RECORD EXCERPTS
§ §

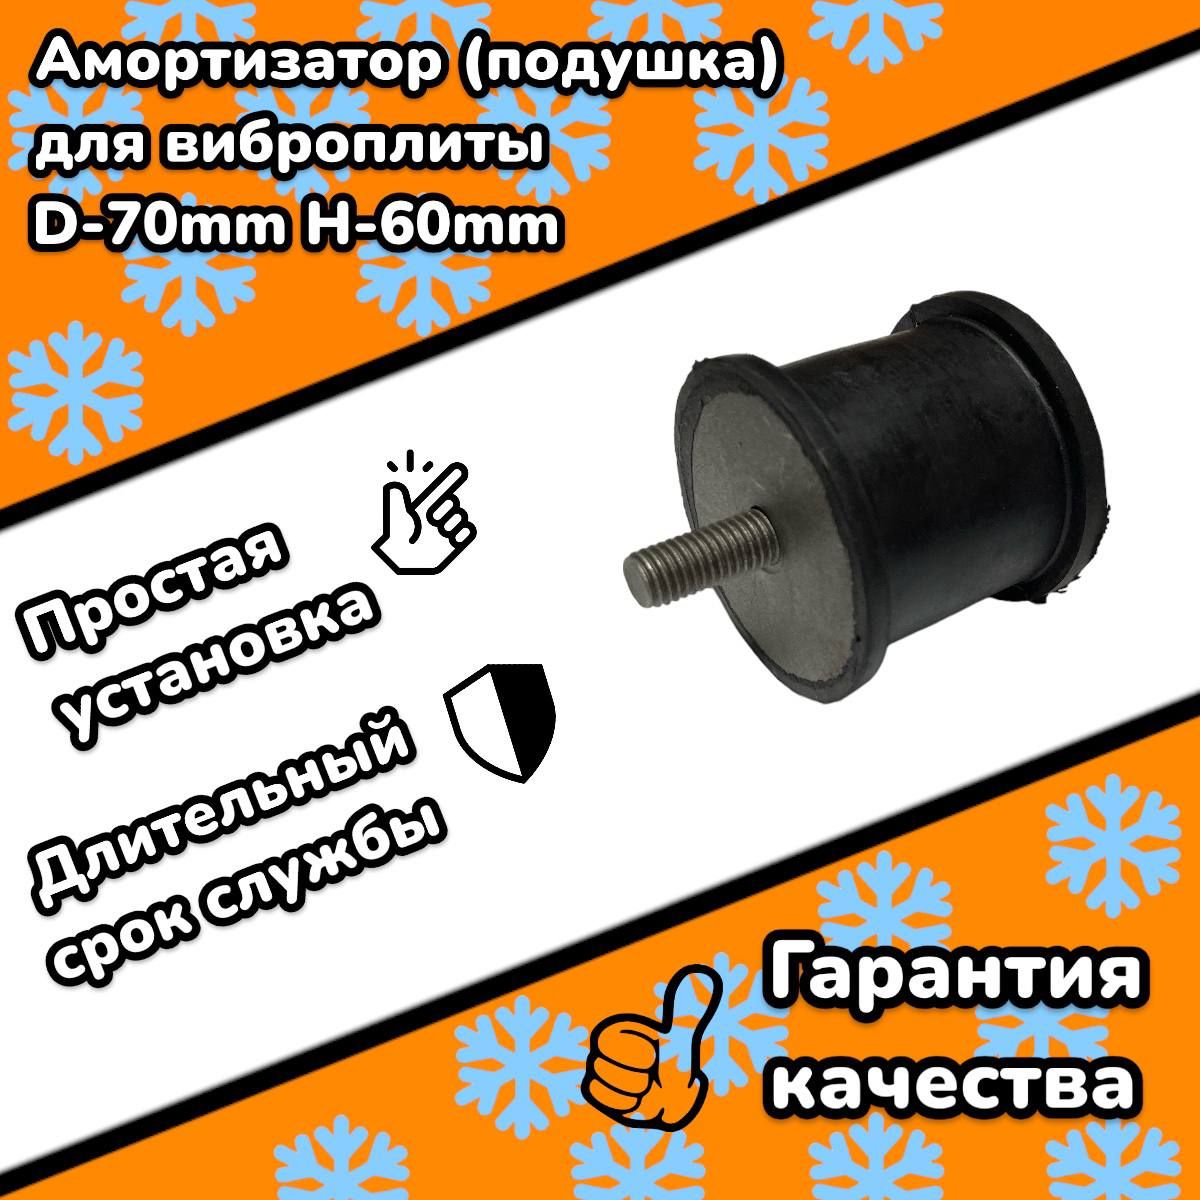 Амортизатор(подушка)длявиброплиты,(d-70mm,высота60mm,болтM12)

§ §

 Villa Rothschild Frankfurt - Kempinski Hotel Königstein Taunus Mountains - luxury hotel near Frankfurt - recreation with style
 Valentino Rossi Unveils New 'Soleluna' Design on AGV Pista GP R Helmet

§ §

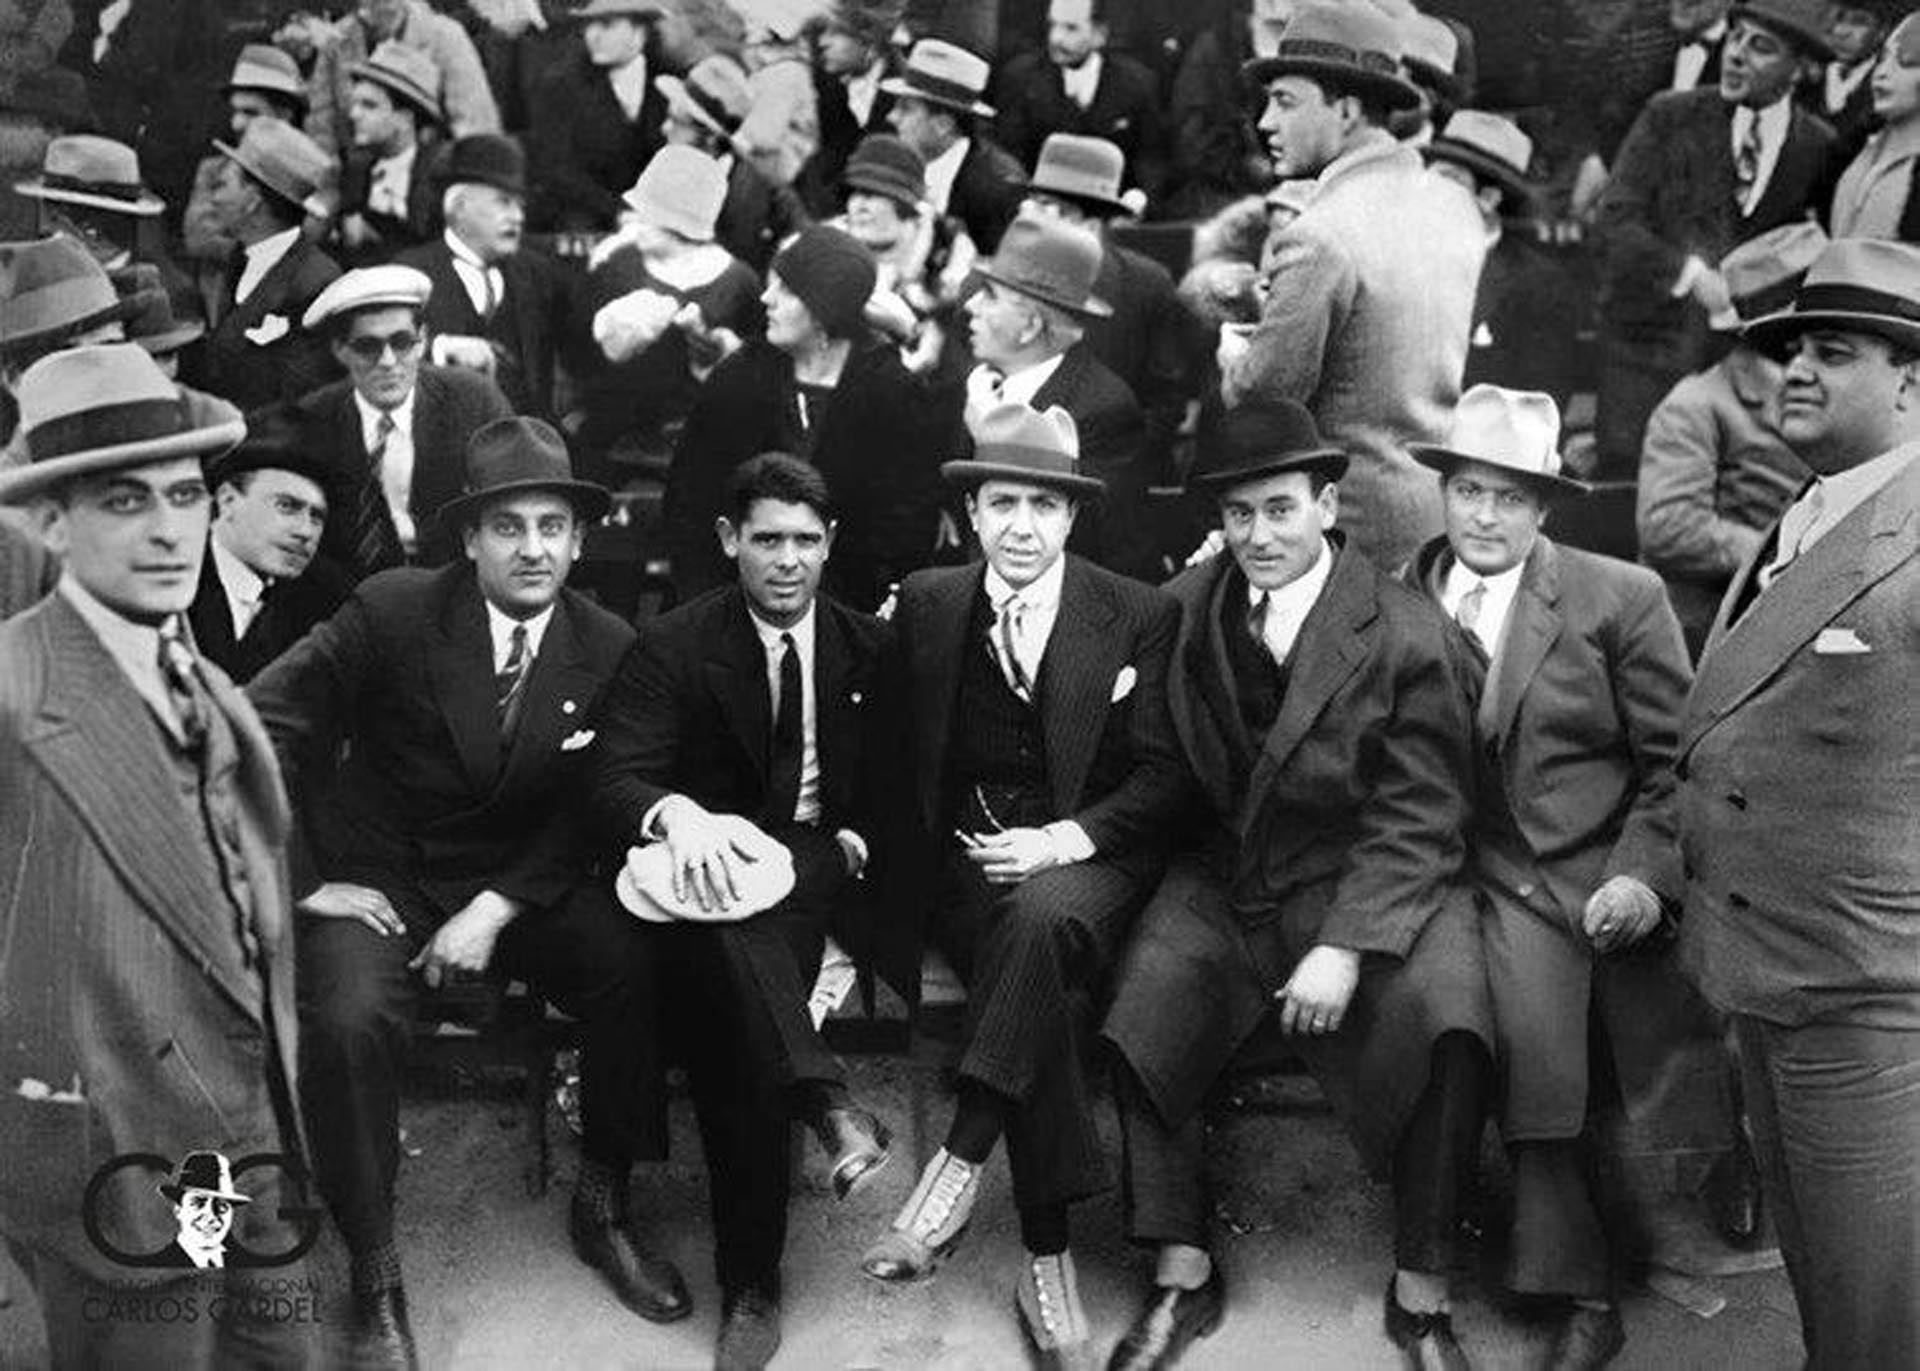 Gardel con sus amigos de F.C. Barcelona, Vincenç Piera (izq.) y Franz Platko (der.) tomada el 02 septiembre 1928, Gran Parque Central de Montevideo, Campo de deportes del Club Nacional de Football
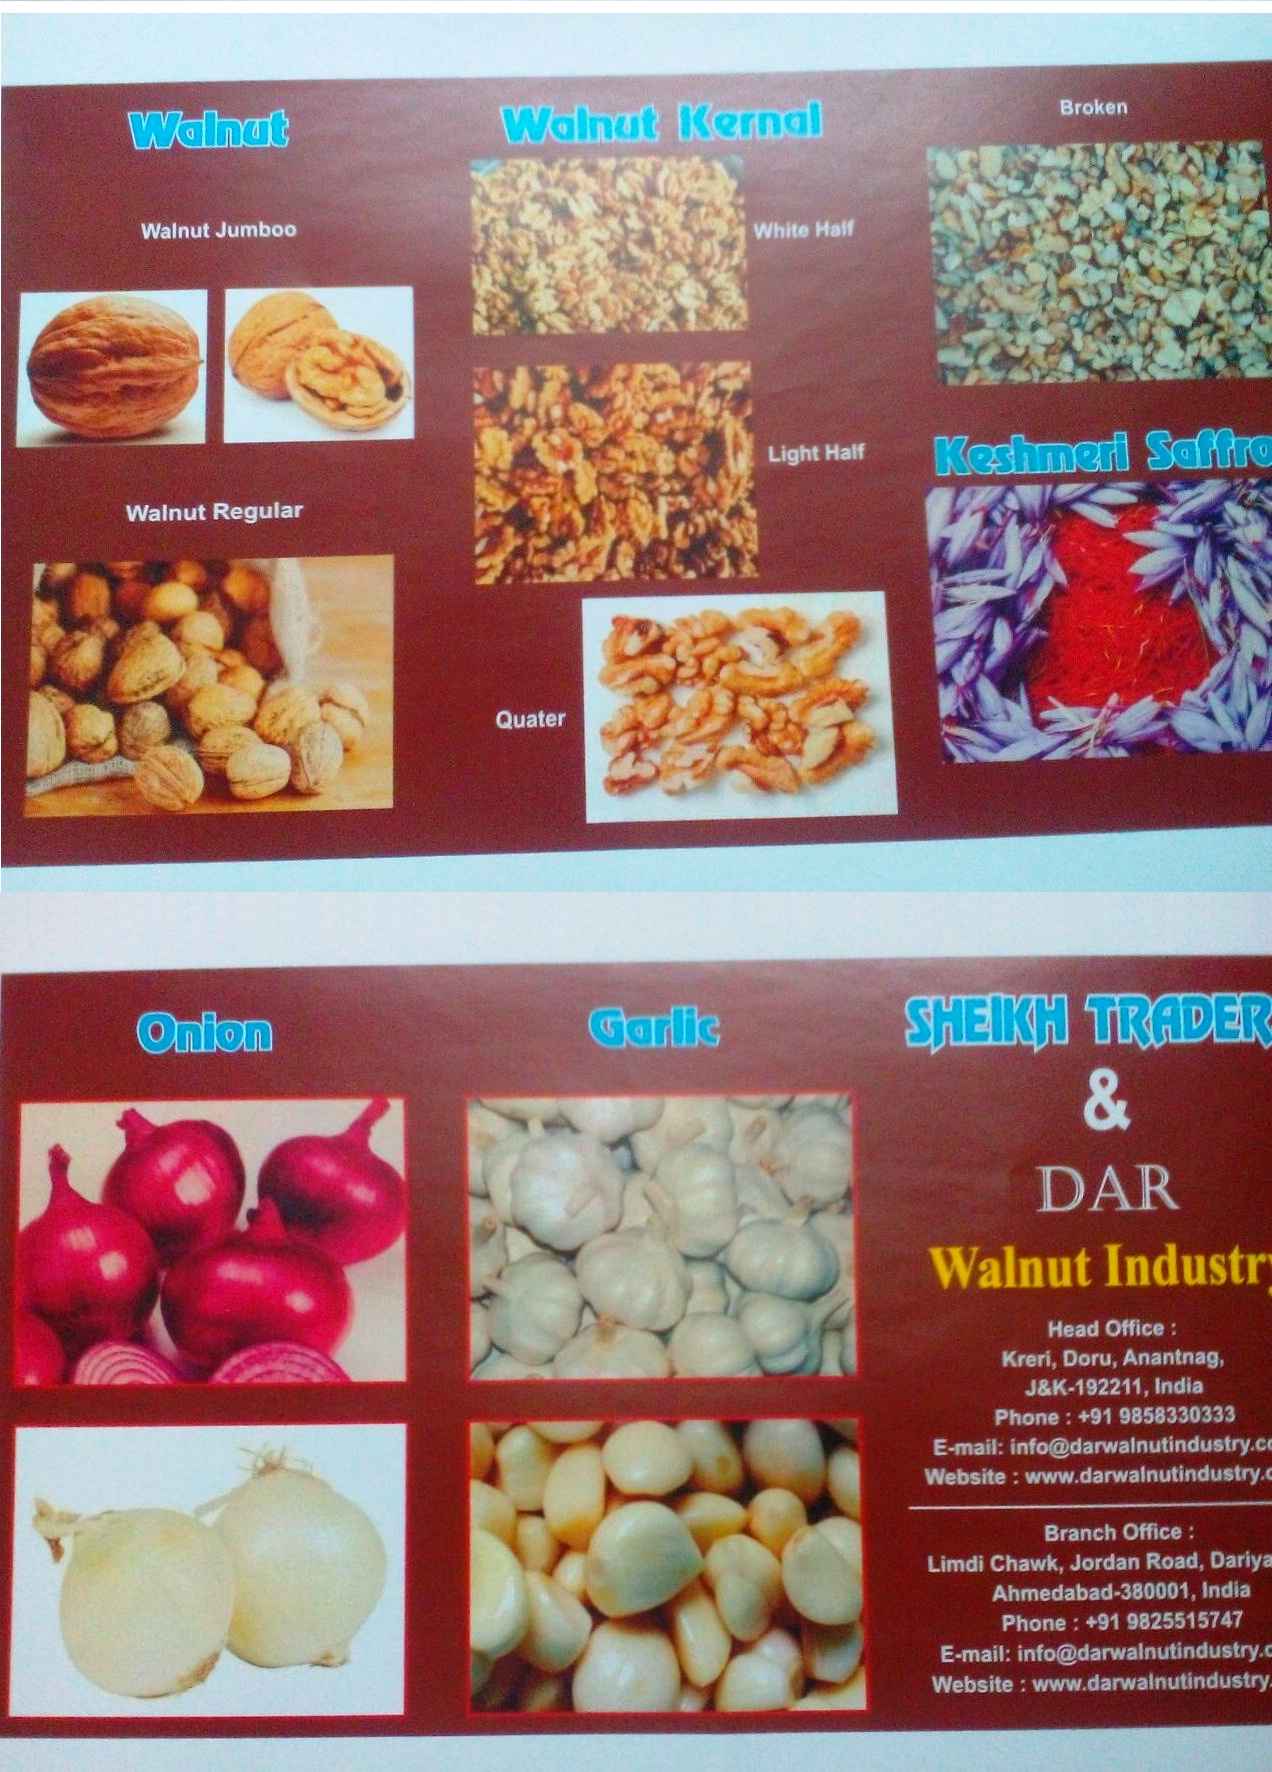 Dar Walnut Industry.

§ §

WHAT YOU HAVE TO DO
In the entries above, find the line holding "Villa Rothschild Frankfurt" and the line holding "Valentino Rossi Unveils"; print both of them and every line between, exactly, and nothing else.

RESULT BELOW
 Villa Rothschild Frankfurt - Kempinski Hotel Königstein Taunus Mountains - luxury hotel near Frankfurt - recreation with style
 Valentino Rossi Unveils New 'Soleluna' Design on AGV Pista GP R Helmet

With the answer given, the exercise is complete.